Делает жест рукой в сторону Кати.
- То есть вы оба хотите сказать, что я не создана для домашней любви?
- А разве это плохо, Настенька? - подает голос Лариса.
- Ладно, это не так уж и важно. Как у вас дела идут? Помню, вы говорили в прошлом году, что соберете американский урожай зерновых. Мы… я, признаться, приняла это за шутку.
- До американского, честно говоря, не дотянули, но среднеевропейский получить удалось. Только нам от него рожки да ножки остались. Зато, я думаю, где-нибудь в Кампучии пекут нынче замечательный хлеб по старому русскому рецепту, а не по современной экономически выгодной технологии, как в нашей районной пекарне.
- Вы перестроились, Николай Николаевич. - Катя смотрит на него чуть-чуть насмешливо. - А я читала в какой-то периодике, что в русской глубинке и по сей день длятся благостные застойные времена.
- Слава Богу, еще длятся. Что касается меня, то я смелею в присутствии женщин. Тем более молодых и интеллигентных.
- Я хочу выпить за то, чтобы мы с каждым днем становились умней, понятливей, снисходительней к ближним и требовательней к себе. А вовсе не наоборот, - говорит Анастасия, глядя куда-то поверх Катиной головы.

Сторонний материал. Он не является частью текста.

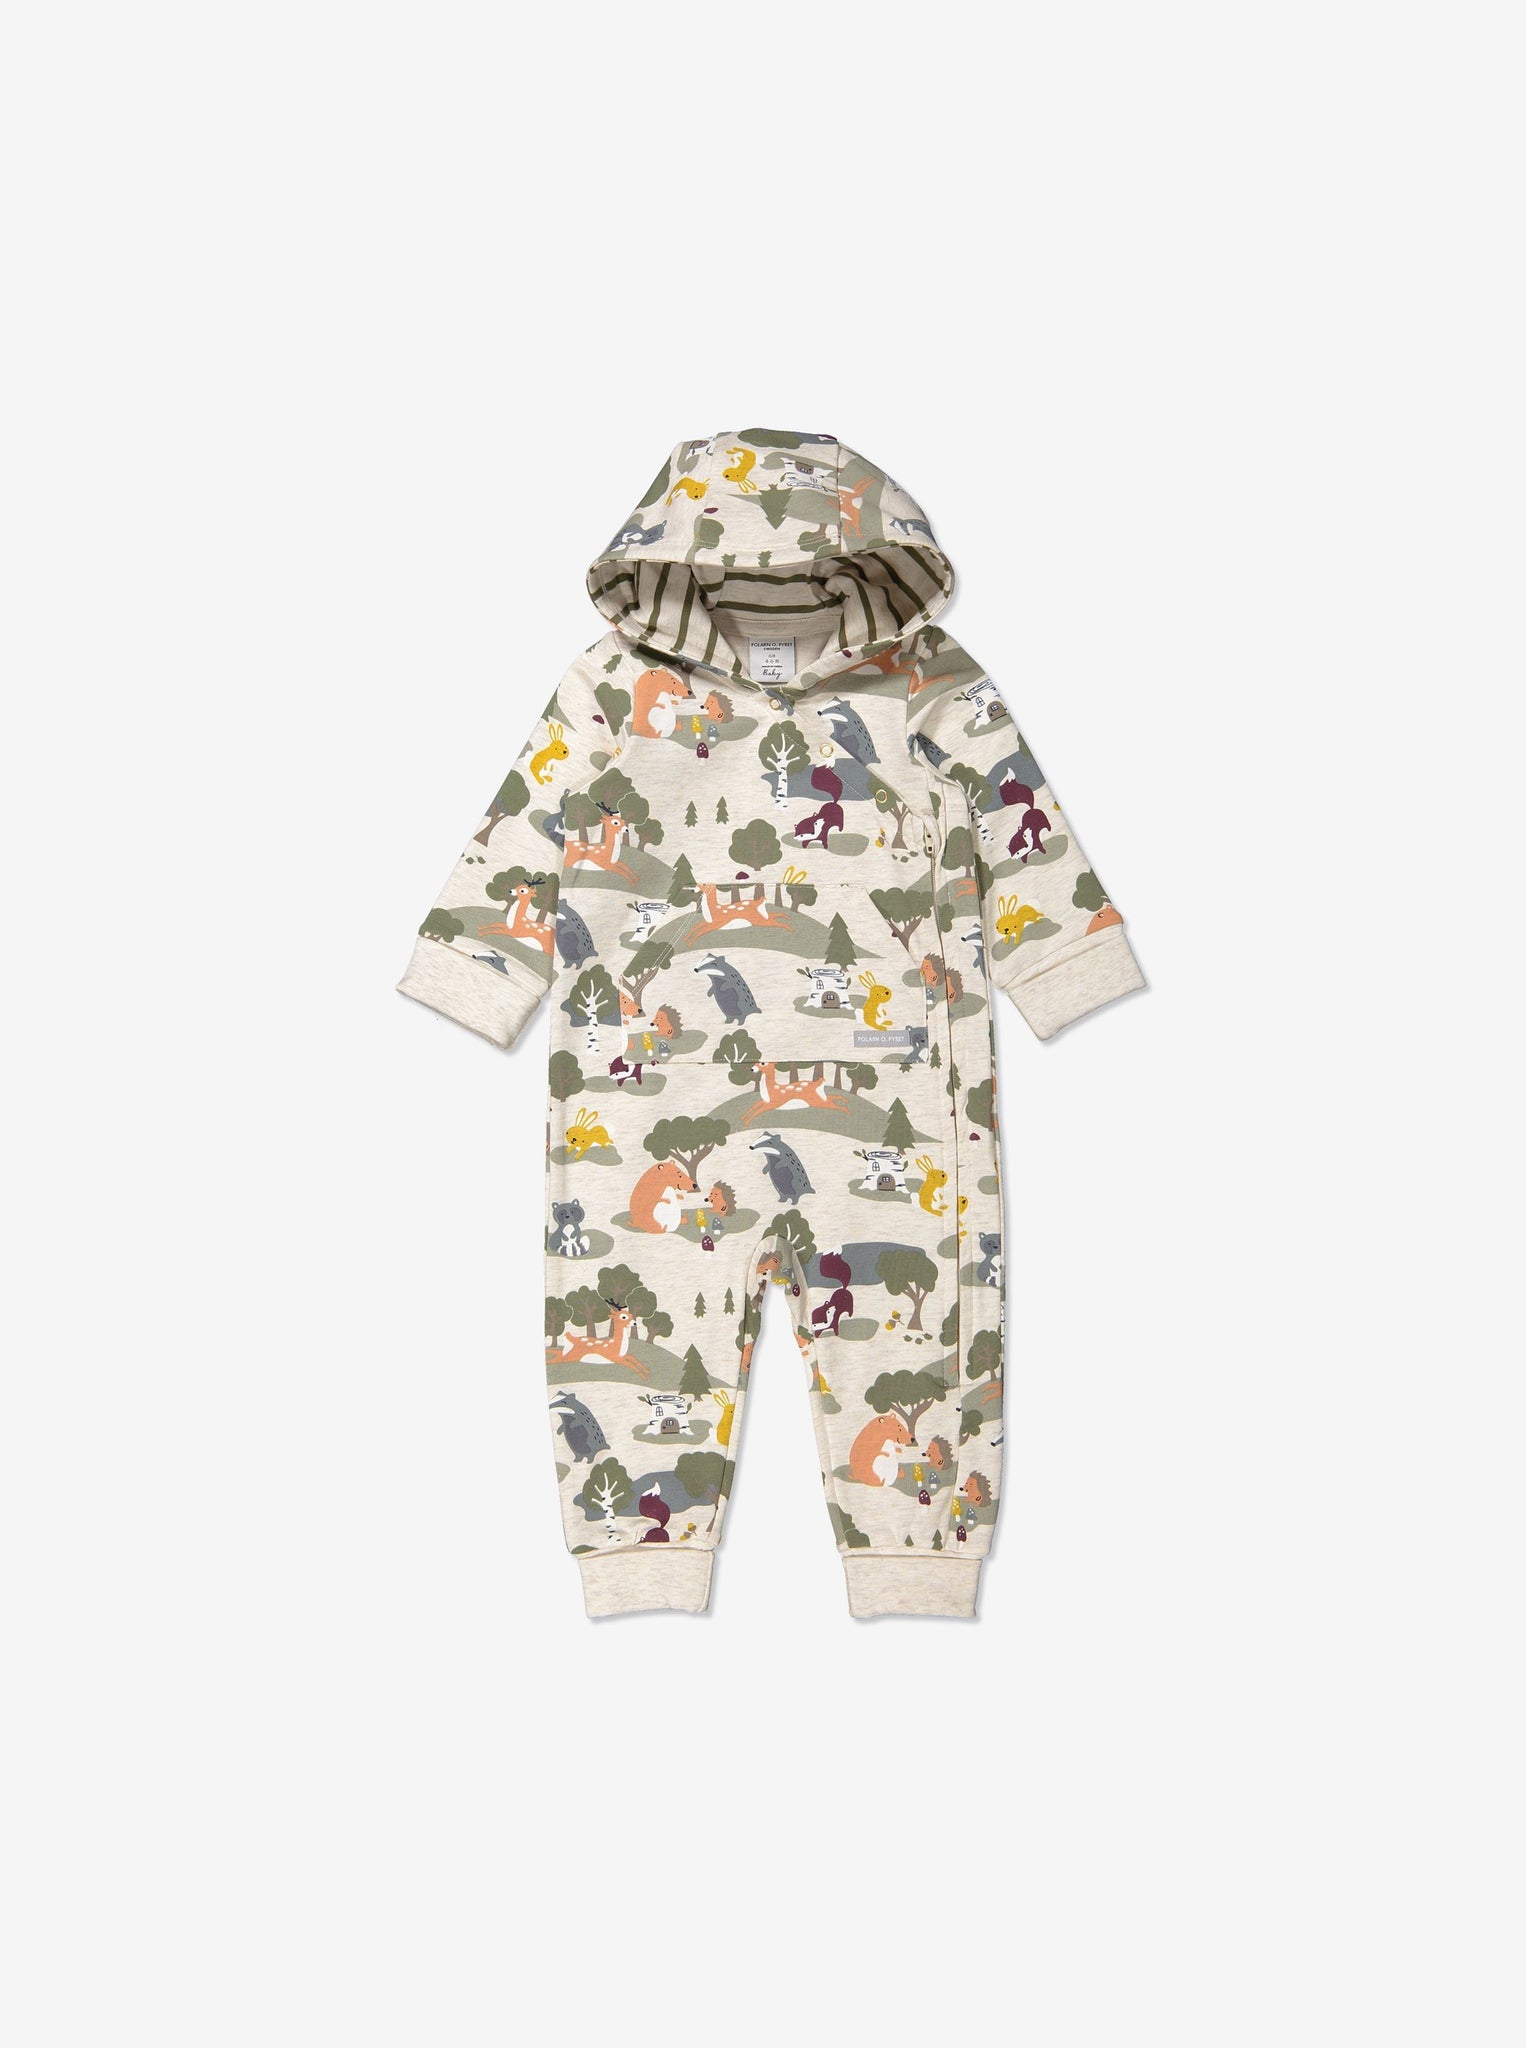 White hooded animal print baby romper for babies 1-12 months old with front pouch pocket. Made with soft organic cotton.

- Прежде, чем я крикну "ура!", объяснись. Тост какой-то неожиданный. - Катя недоуменно и с тревогой смотрит на подругу.
- Перевожу дословно: "Я многого хотела от тебя. Я не замечала, что сама веду себя как последняя дура. Теперь у нас все будет наоборот". Браво, Настенька. За тебя.
Лариса делает вид, что осушает свой пустой бокал.
Все слегка растеряны. Кроме Кати - та растрогана до глубины души. Она улыбается Анастасии, одобрительно кивает головой, гладит ее по руке.
- Давайте как-нибудь сделаем вылазку? Ночную? С костром, ухой, звездами и еще чем-нибудь горячительным? - предлагает Николай Николаевич, снова наполняя бокалы шампанским.
- А вы романтик. Последний из могикан.
Катя смотрит на него с нескрываемым восхищением.
- Давайте, давайте, милый Николай Николаевич! - слишком уж горячо подхватывает Анастасия. - Комары нас накусают до кровавых ран, продрогнем до костей, устанем так, что ни о чем думать не захочется, кроме подушки. В старое русло, да? Или нет, лучше за переправу. Там мы в детстве ловили с подружкой раков и наткнулись на утопленника. Самого настоящего. Он весь распух и от него так воняло. Помню, мы сочинили про него балладу - любовь, ревность, измена и прочее.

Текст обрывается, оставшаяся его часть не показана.